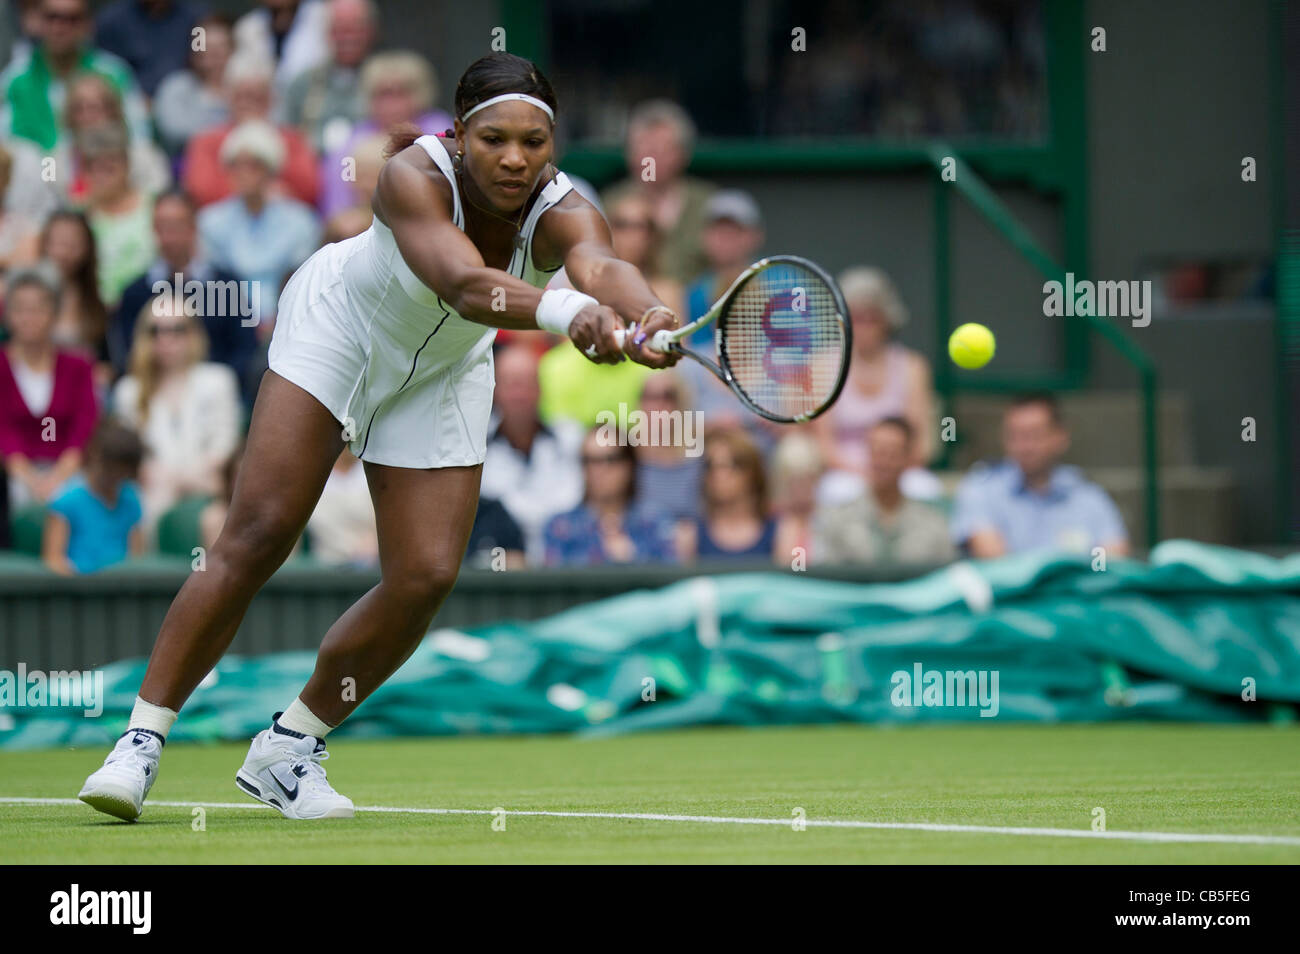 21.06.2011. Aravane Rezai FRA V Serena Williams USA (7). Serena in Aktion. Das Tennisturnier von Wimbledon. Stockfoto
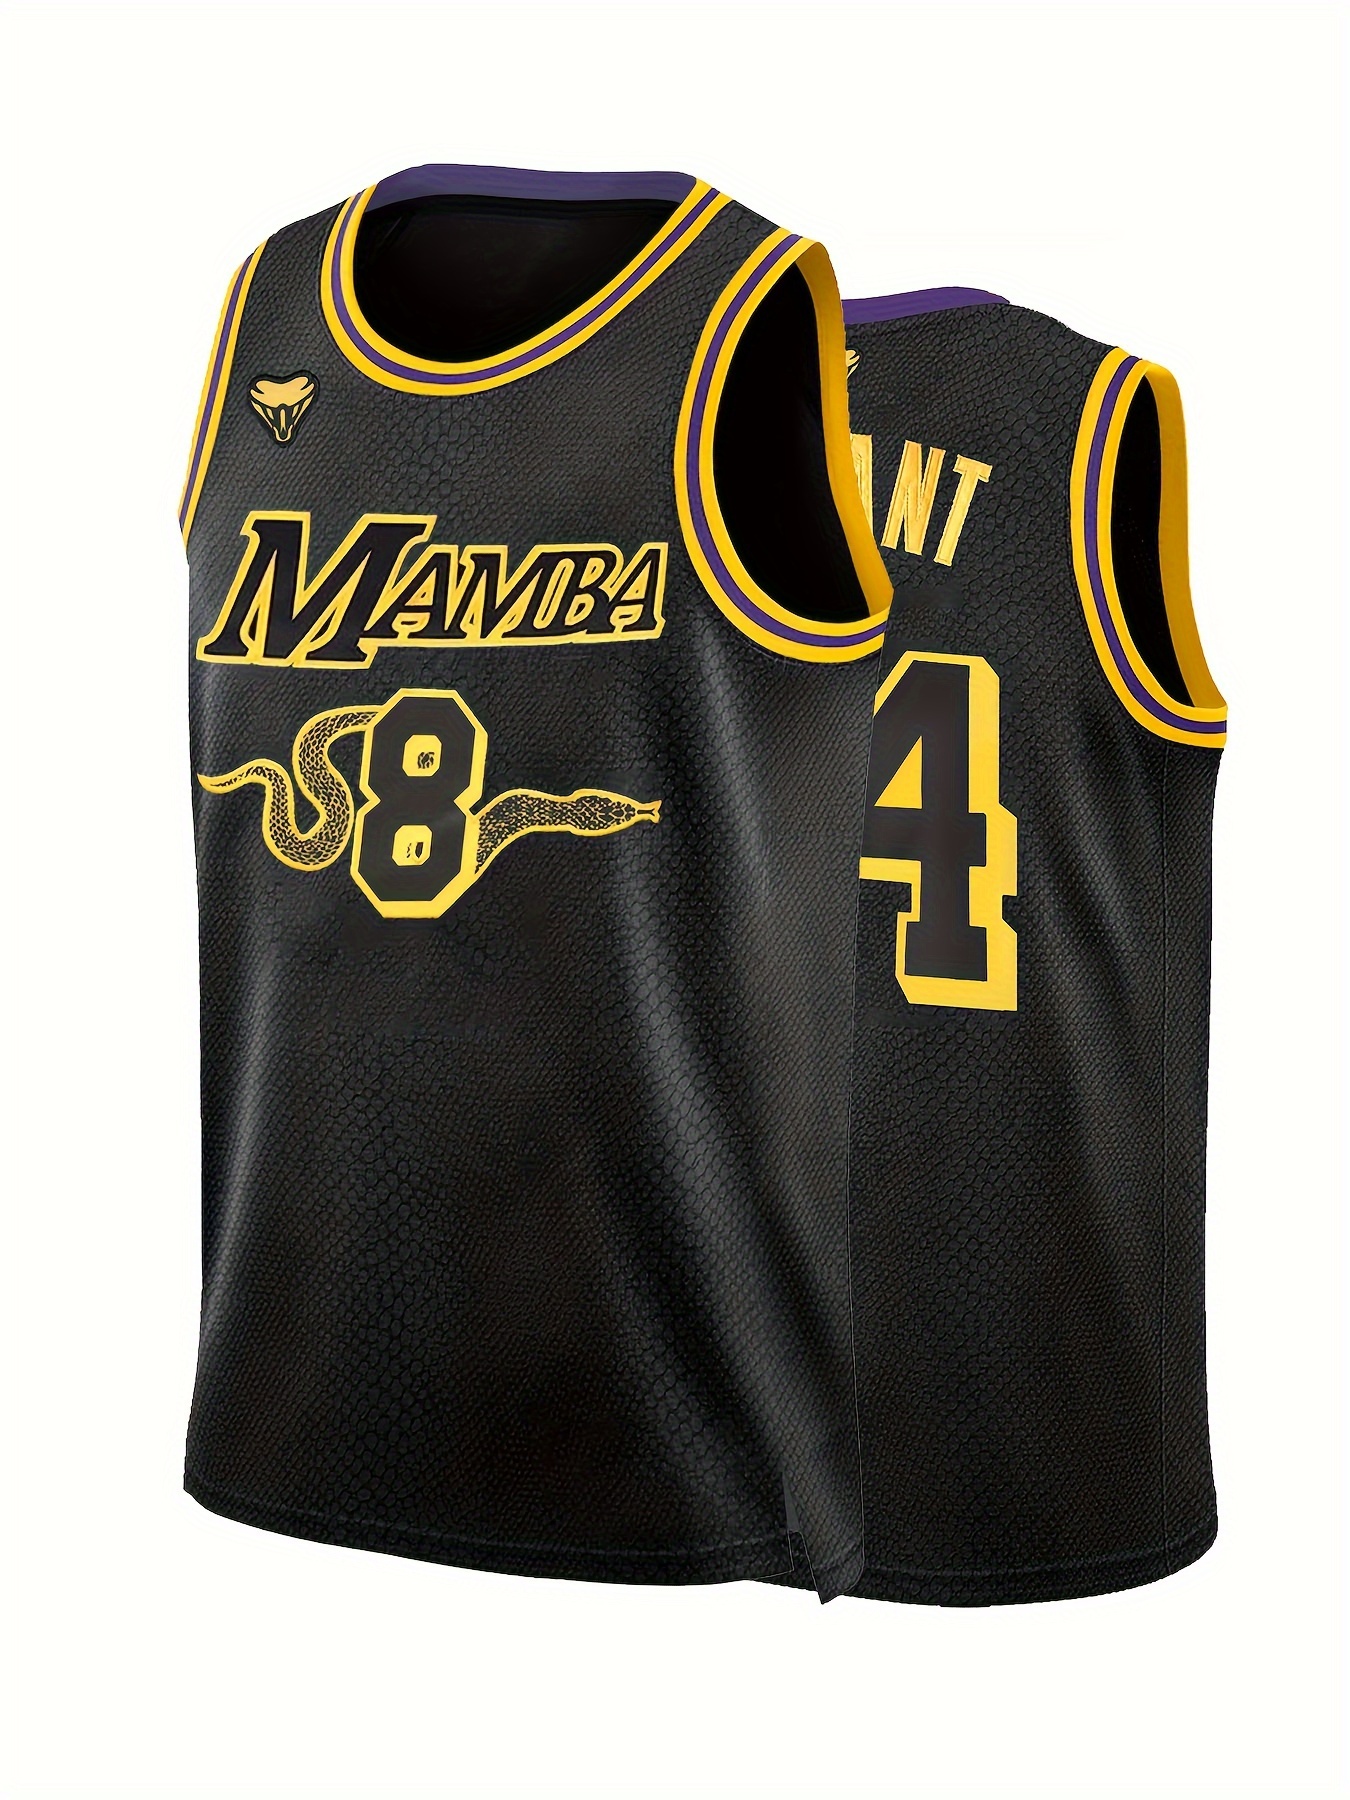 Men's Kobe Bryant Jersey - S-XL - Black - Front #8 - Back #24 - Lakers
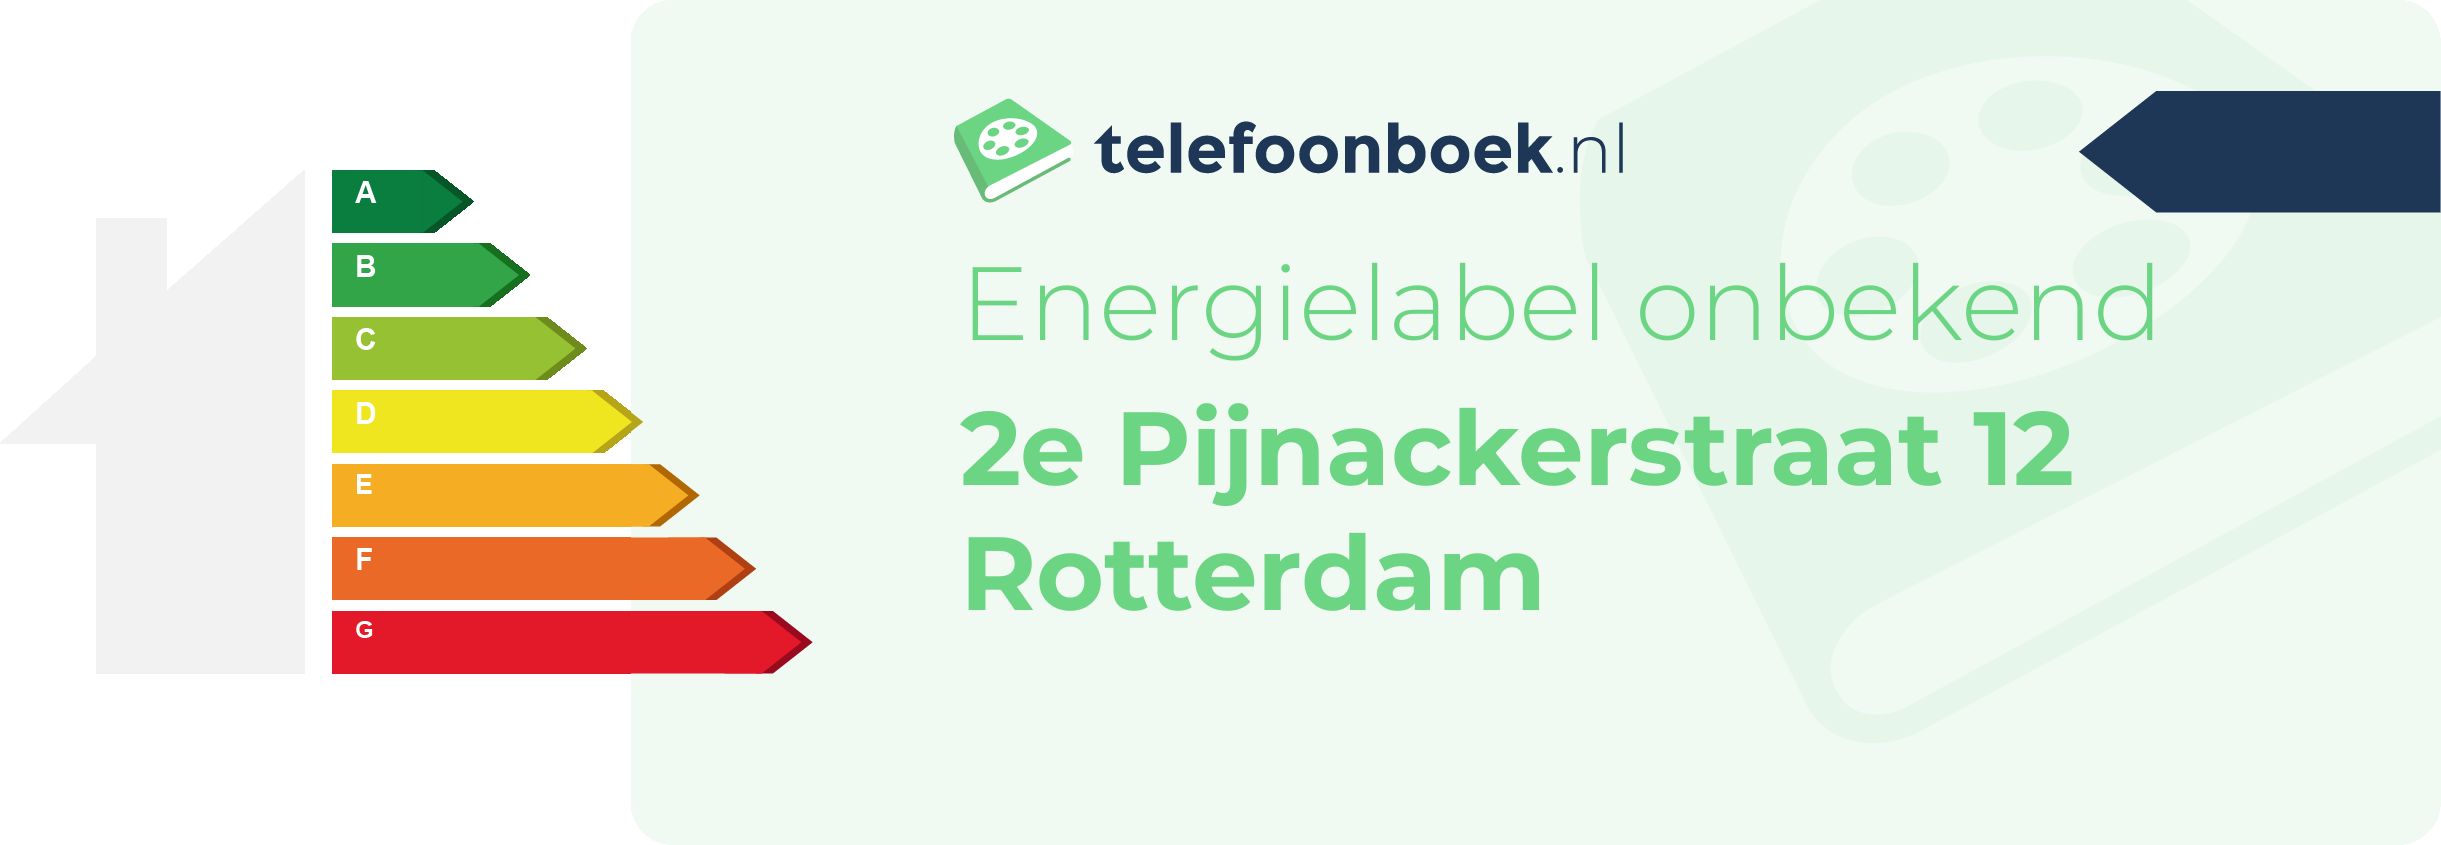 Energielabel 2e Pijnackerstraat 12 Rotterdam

EXERCISE BRIEF: Print exactly, and only, the lines from the line containing "Men's Kobe Bryant" to the last line of the material above, with every picture left out.

TASK ANSWER:
 Men's Kobe Bryant Jersey - S-XL - Black - Front #8 - Back #24 - Lakers
 Energielabel 2e Pijnackerstraat 12 Rotterdam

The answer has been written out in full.